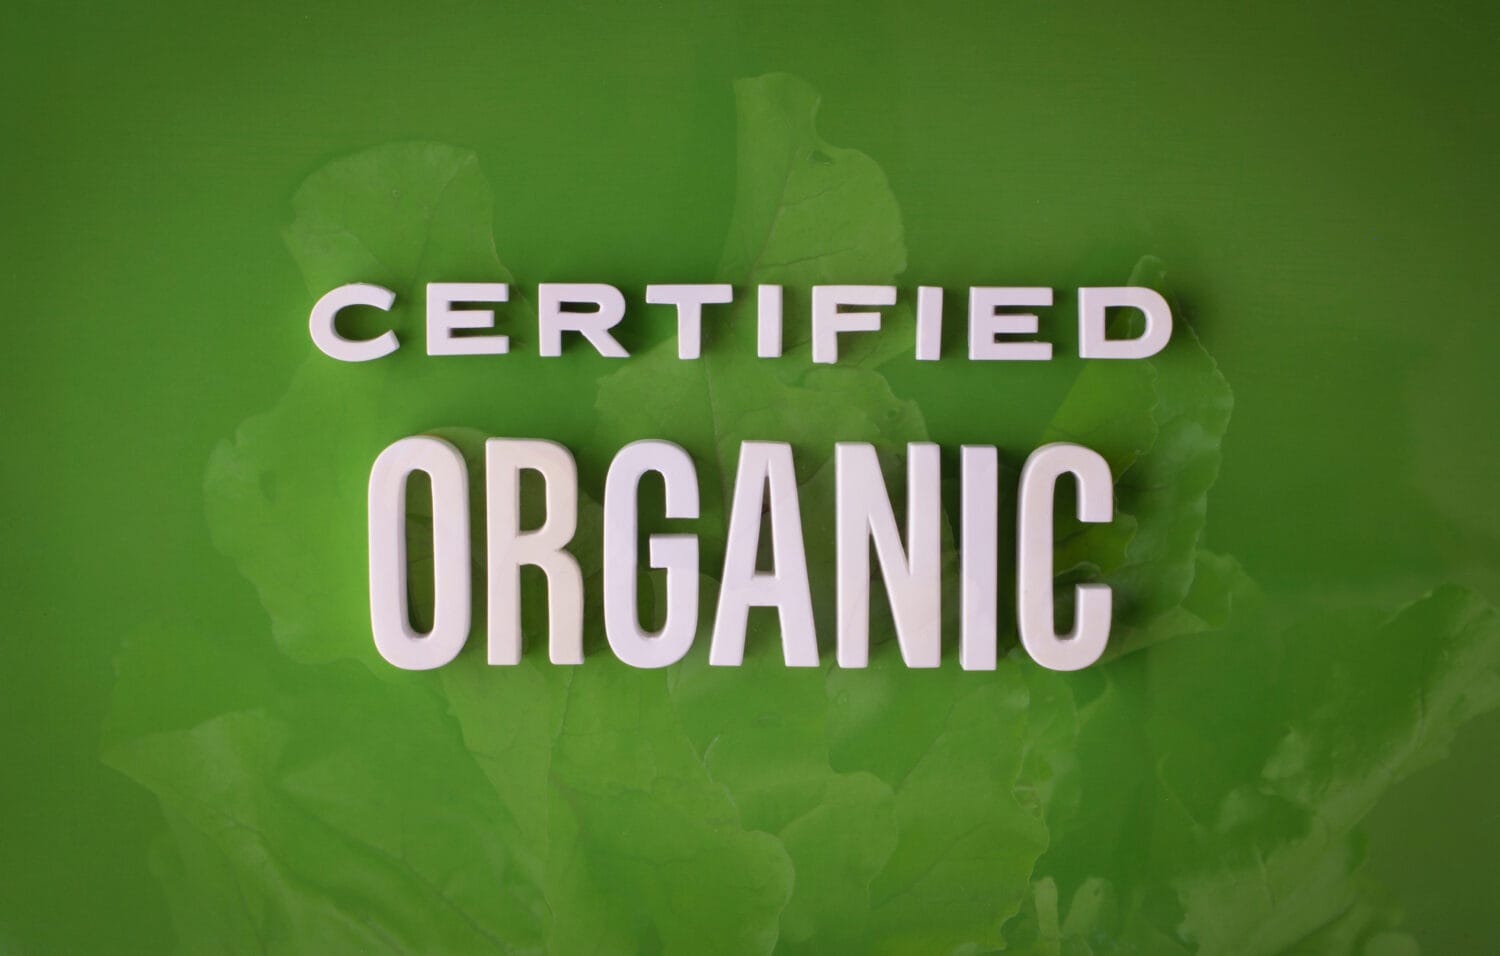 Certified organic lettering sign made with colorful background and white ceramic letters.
──────
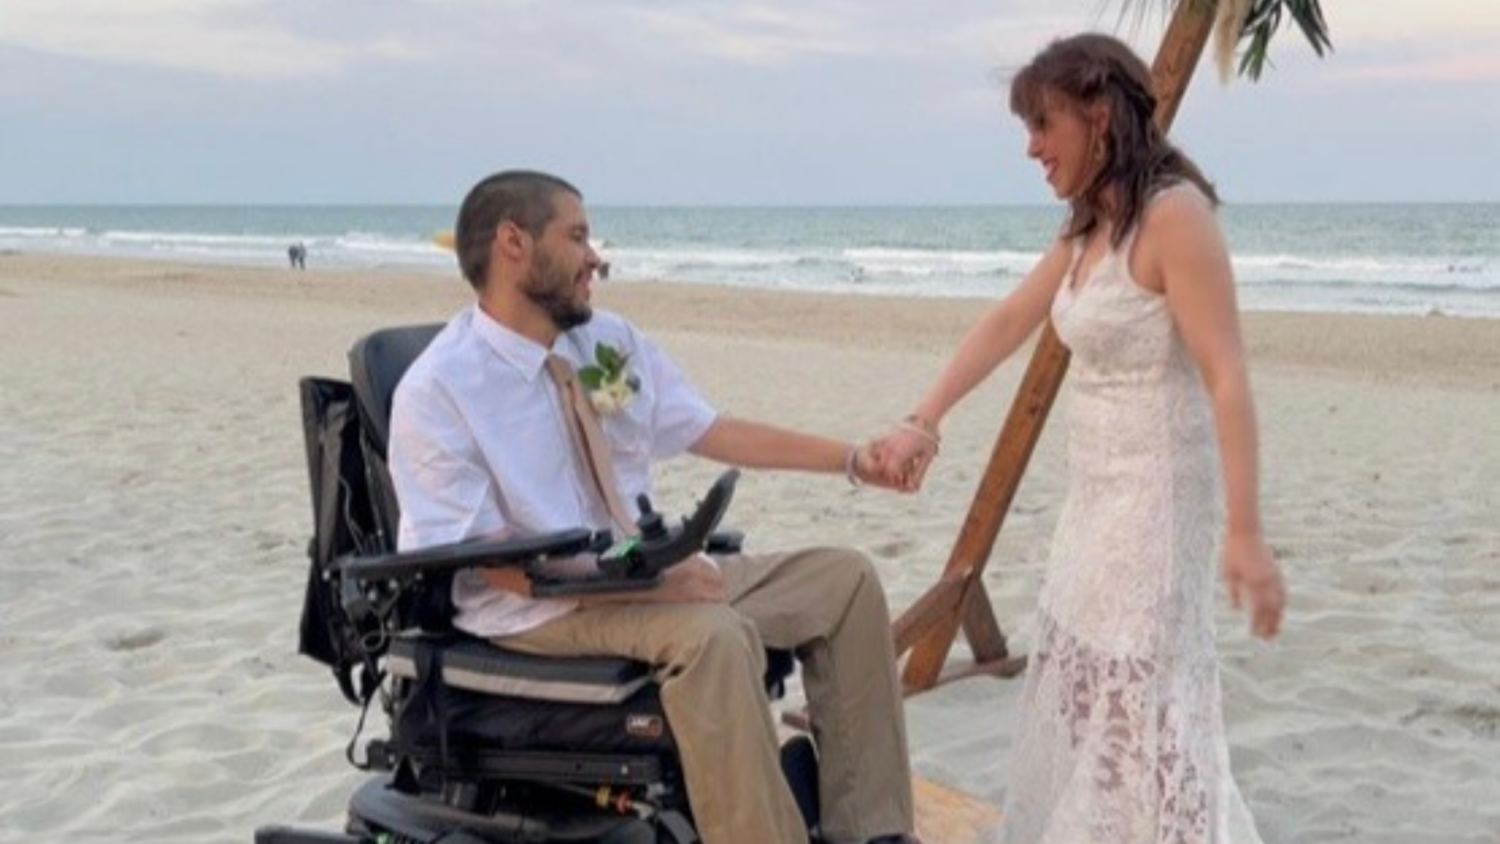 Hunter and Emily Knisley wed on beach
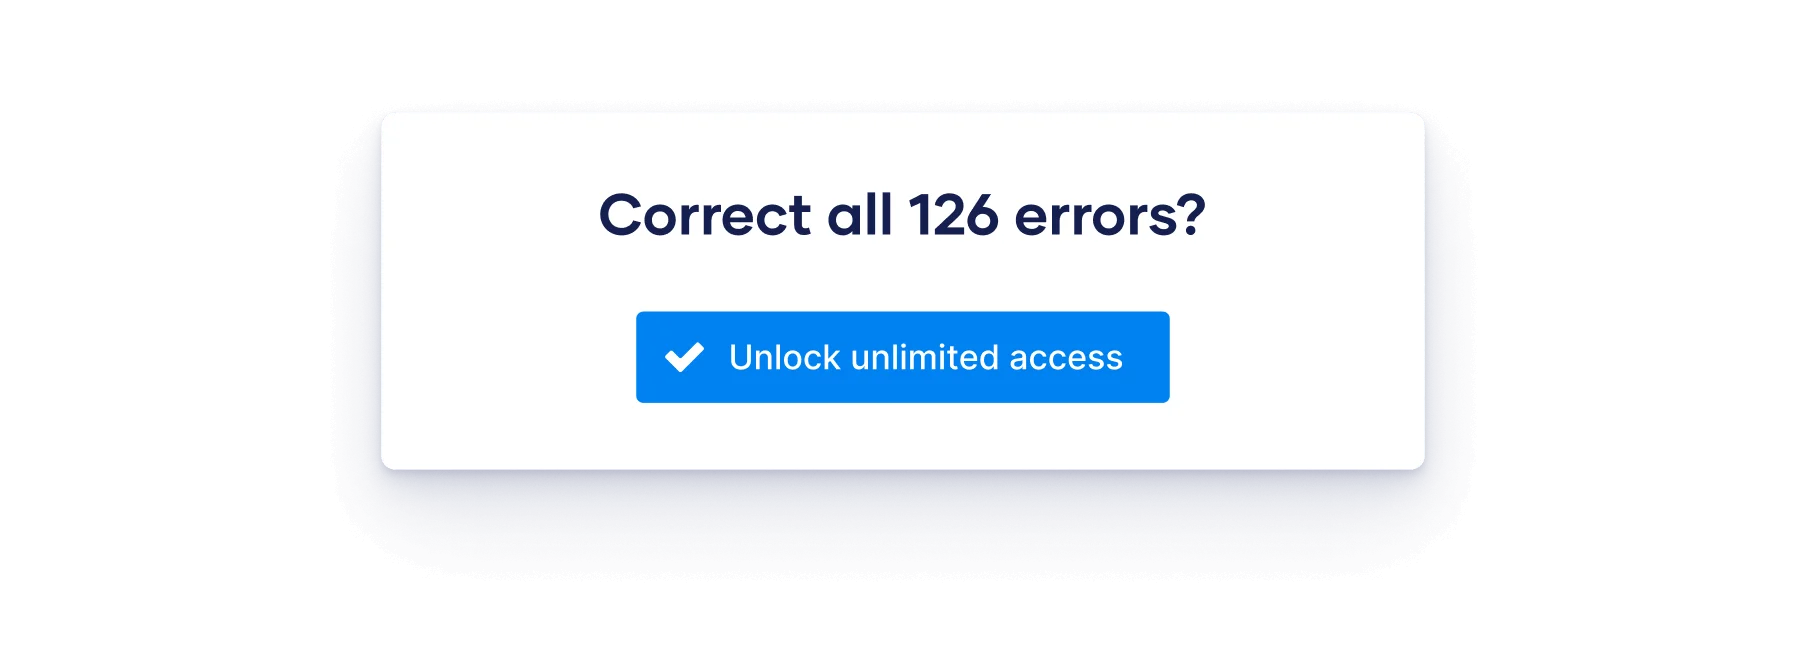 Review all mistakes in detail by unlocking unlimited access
──────
Task goal >> Every line above from the one with "Hunter and Emily Knisley wed on beach" down to the one with "Review all mistakes" must be written out exactly, and no picture may appear.

Result of the exercise >>
 Hunter and Emily Knisley wed on beach
 Review all mistakes in detail by unlocking unlimited access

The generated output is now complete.